Pakistan is also stepping out of a global year for popular culture and the arts, which will motivate the creation of further artistic outlets and help to bridge Pakistans film and music industries with others around the world. Academic events like ThinkFest held in Lahore and the Pakistan Conference hosted by Harvard University last year, marking 75 years of independence, testified to a burgeoning intellectual culture, an interest among the youth in tackling contemporary challenges and a strong international interest in Pakistan Studies. Pakistan will have to balance these positives and opportunities with very challenging circumstances, not all of the origins of which were avoidable.
Pakistan will have to balance these positives and opportunities with very challenging circumstances, not all of the origins of which were avoidable.
The Aftermath of the Floods
It has been well-documented that the floods in Pakistan last year, caused by increased monsoon rainfall, have affected over 33 million people. The ongoing consequences of much of Pakistan going underwater have made dire conditions a daily reality for many, especially children. UNICEF, whose health interventions have reached nearly 1.5 million people to date, has warned that up to 4 million children are still living near contaminated and stagnant flood waters: Frail and hungry children are fighting a losing battle against severe acute malnutrition, diarrhoea, malaria, dengue fever, typhoid, acute respiratory infections, and painful skin conditions. (sic)

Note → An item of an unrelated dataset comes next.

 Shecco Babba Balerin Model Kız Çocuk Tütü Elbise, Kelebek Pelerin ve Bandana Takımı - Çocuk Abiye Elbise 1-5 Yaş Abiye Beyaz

Besides health concerns, UNICEF has found that 2 million additional children have been locked out of learning, on top of the estimated 22.8 million children aged 5-16 not in school after the destruction of nearly 27,000 schools. Thus, the floods have exacerbated poor health and educational outcomes for the next generation of Pakistanis, who will also have to contend with more serious and frequent extreme weather events unless the world gets serious about reducing global temperatures. Given Pakistans acute vulnerability to climate change, it will have to increasingly treat the phenomenon as a non-traditional threat and prepare accordingly in its national security estimations.
Economic Turmoil
While the human impact of floods must be the most central concern for Pakistan and the international community, the economic impact is unprecedented. The World Bank has estimated that total damages exceed 14.9 billion USD and total economic losses amount to around 15.2 billion USD, while rehabilitation and reconstruction will cost close to 16.3 billion USD. The organisation also projected that Pakistan lost around 2.2 per cent of Fiscal Year 2022 GDP as a direct result of the floods.

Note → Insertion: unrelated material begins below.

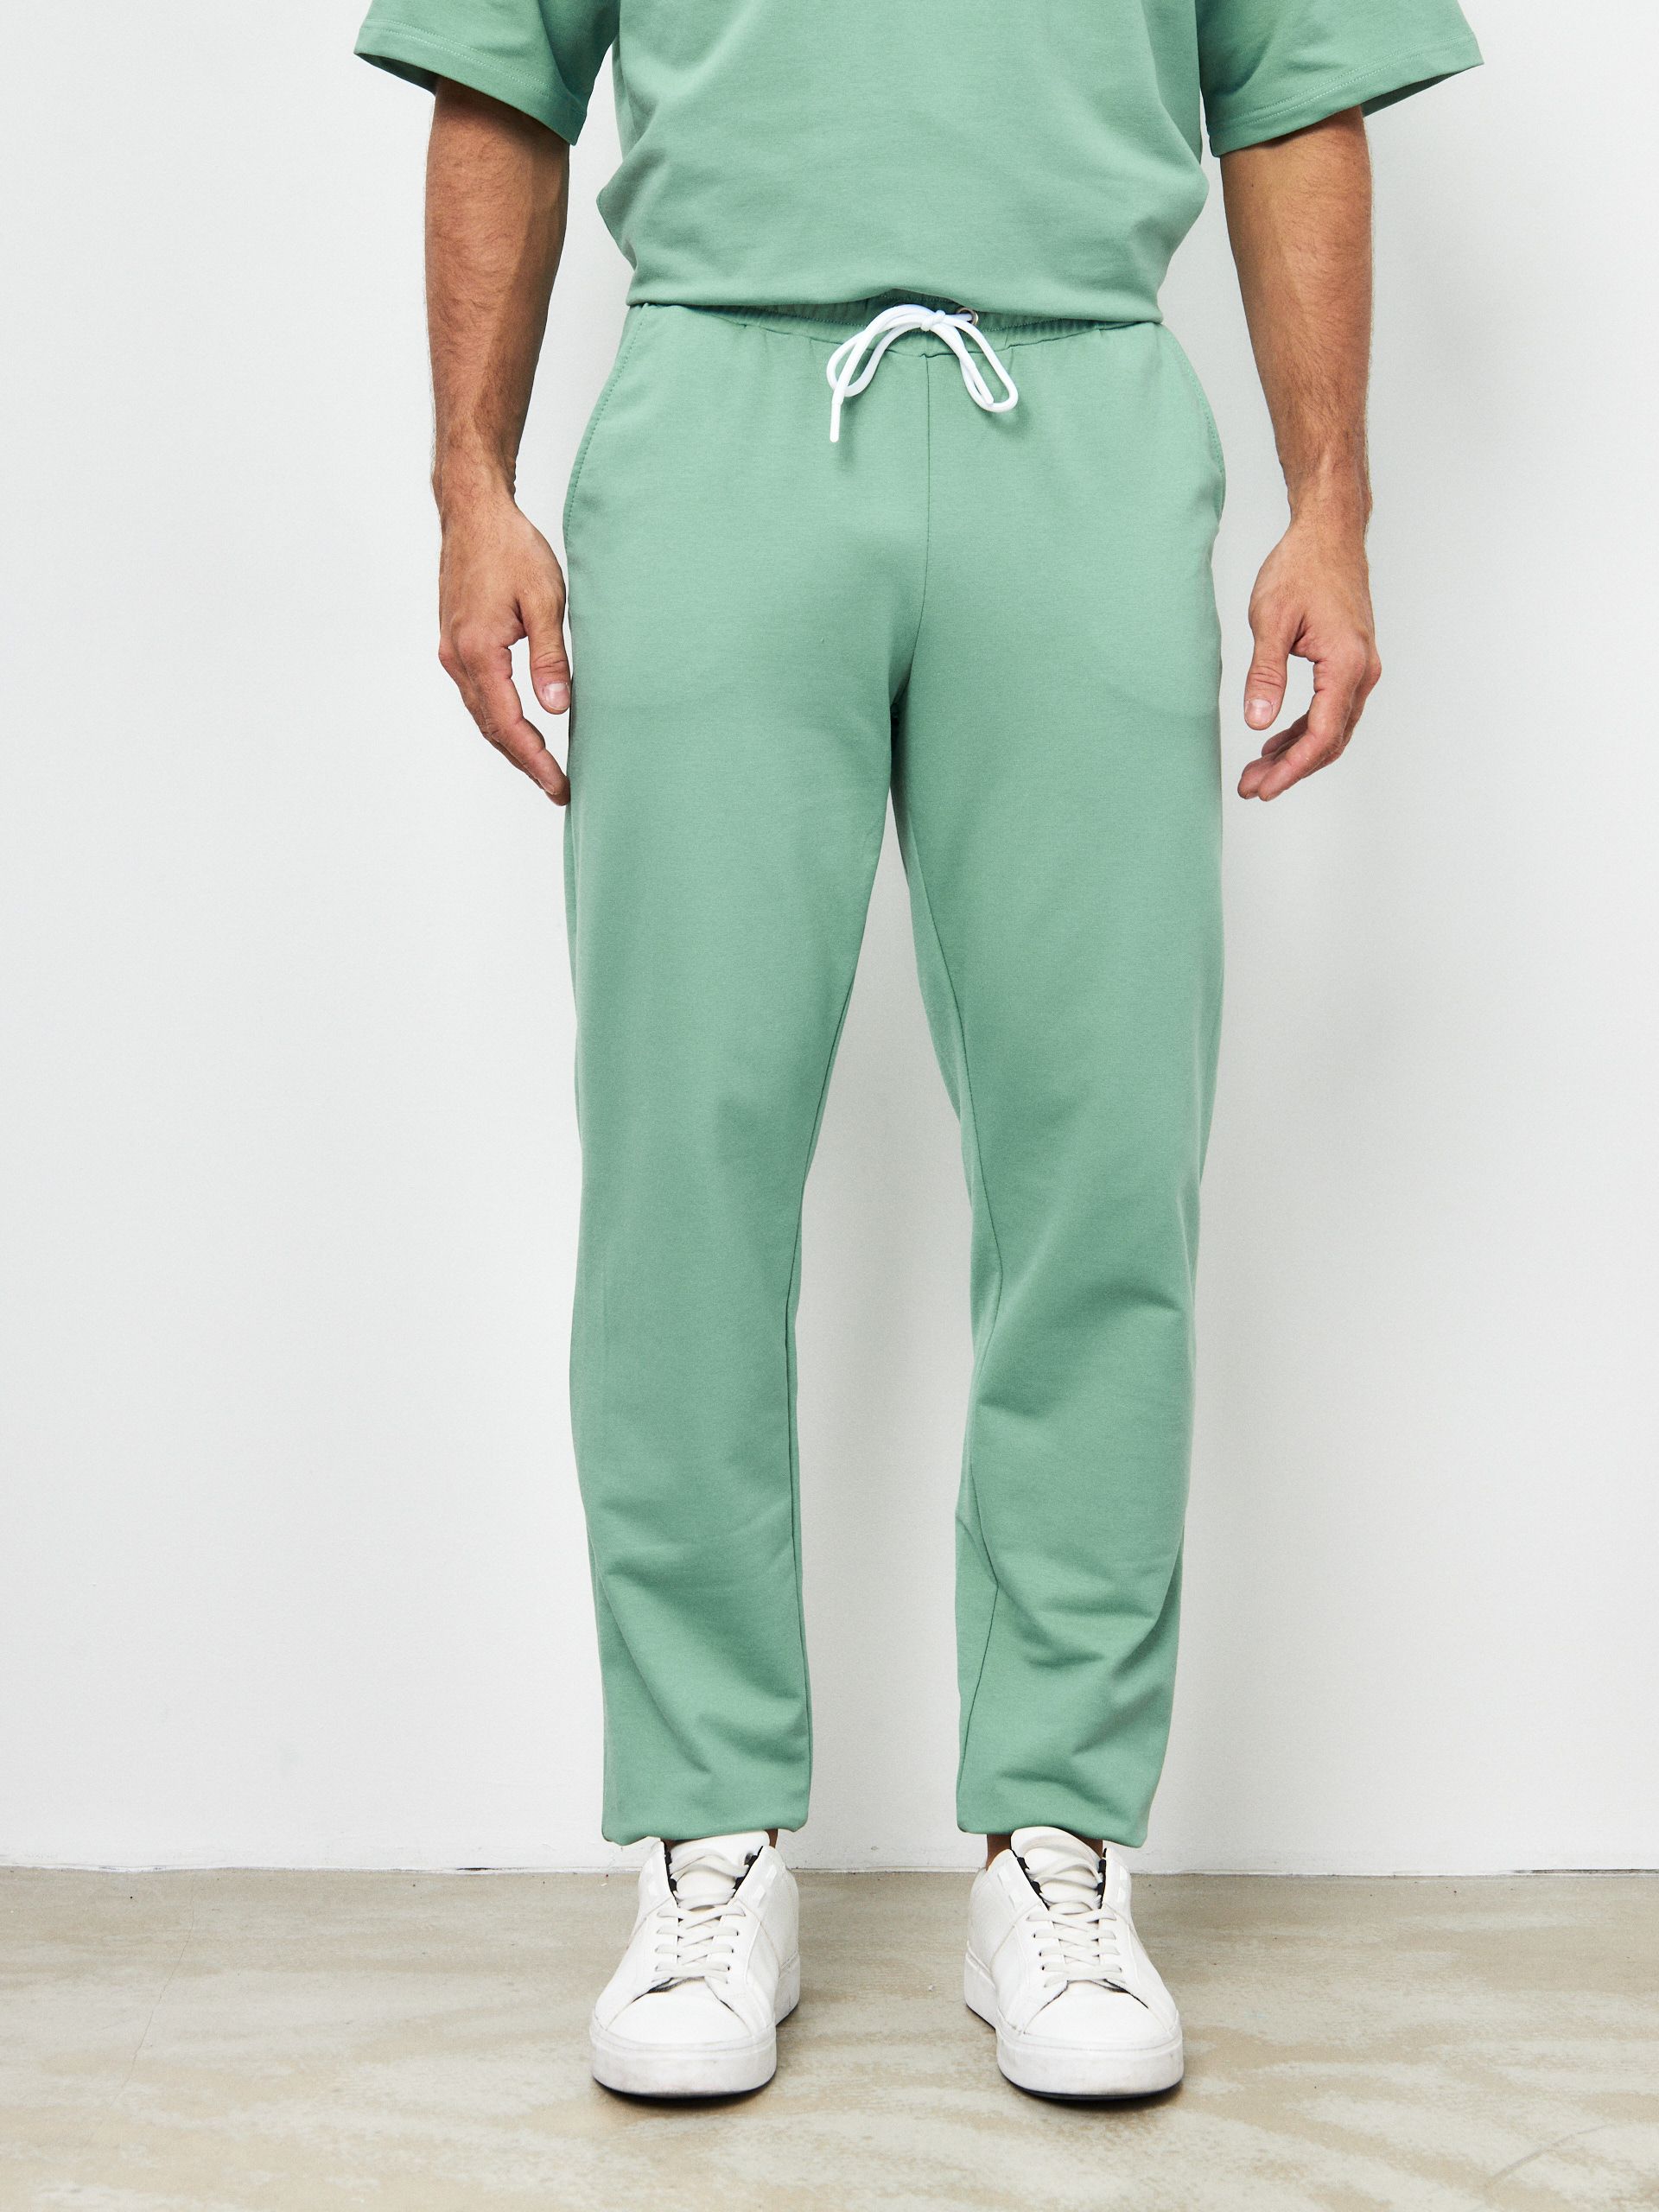 Спортивные брюки мужские MOM №1 MOM-88-3170 зеленые 44 RU

To make matters worse, there are concerns that Pakistan may default on its loans to the IMF. Miftah Ismail, the former finance minister, has warned that Pakistans expenses are much higher than its income and that the country could default if it fails to approach the IMF. The IMF defines defaulting in simple terms as a broken promise, or a breach of contract, such as through missed payments or data misreporting. The consequences of Pakistan defaulting on its loans include an inability to import fuels to generate electricity, resulting in blackouts, as well as increased unemployment. Pakistanis already have to cope with inflated food prices and competition for subsidised products.
The Desire Among the Youth to Leave
Pakistanis rightly emphasise how the countrys youthful population is a great source of potential, but the young are among the most likely to express a desire to leave Pakistan. This desire, as reflected in a survey published in November 2022 by the Pakistan Institute of Development Economics, has translated into reality for a considerable number. Official documens allegedly show that 765,000 people left Pakistan in 2022, nearly triple the number in 2021. Given that 92,000 of these people were classed as highly educated, this flurry of departures has been presented as a continuation of the countrys brain drain. The government of Pakistan thus faces the challenge of incentivising its talented youth to remain in Pakistan and encourage those who have left to return. Based on anecdotal evidence, some Pakistanis who have left the country for higher education feel that there are not the same opportunities at home, leaving their only options to be jobs for which they are overqualified.
Ongoing Struggle Against Terrorism
Three police officers sadly lost their lives in the first terror attack in Pakistan of 2023, when heavily armed terrorists attacked a police station in Peshawar on the 14 January. This comes after the conclusion of an indefinite ceasefire between the government of Pakistan and the Tehreek-i-Taliban Pakistan (TTP) on the 23 rd of November, that was agreed upon in June. Following an absence of attacks in the capital of Islamabad for eight years, the first suicide bombing occurred at the end of December inside a taxi, leaving the driver, bomber and a police officer dead.
Outside of the capital, the inhabitants of Swat demonstrated in October against increased killings in one of the largest protests the valley has seen to voice not only the rejection of political violence but also to demand protection as a constitutional right. While the progress and sacrifices made by the Pakistani military and police forces in addressing terrorism should be noted, attacks will continue until more successful peace talks are held with the TTP. This is by no means a simple task, given the mutually opposing demands of the TTP and the government of Pakistan, especially in terms of the TTPs rejection of the constitution of Pakistan as un-Islamic.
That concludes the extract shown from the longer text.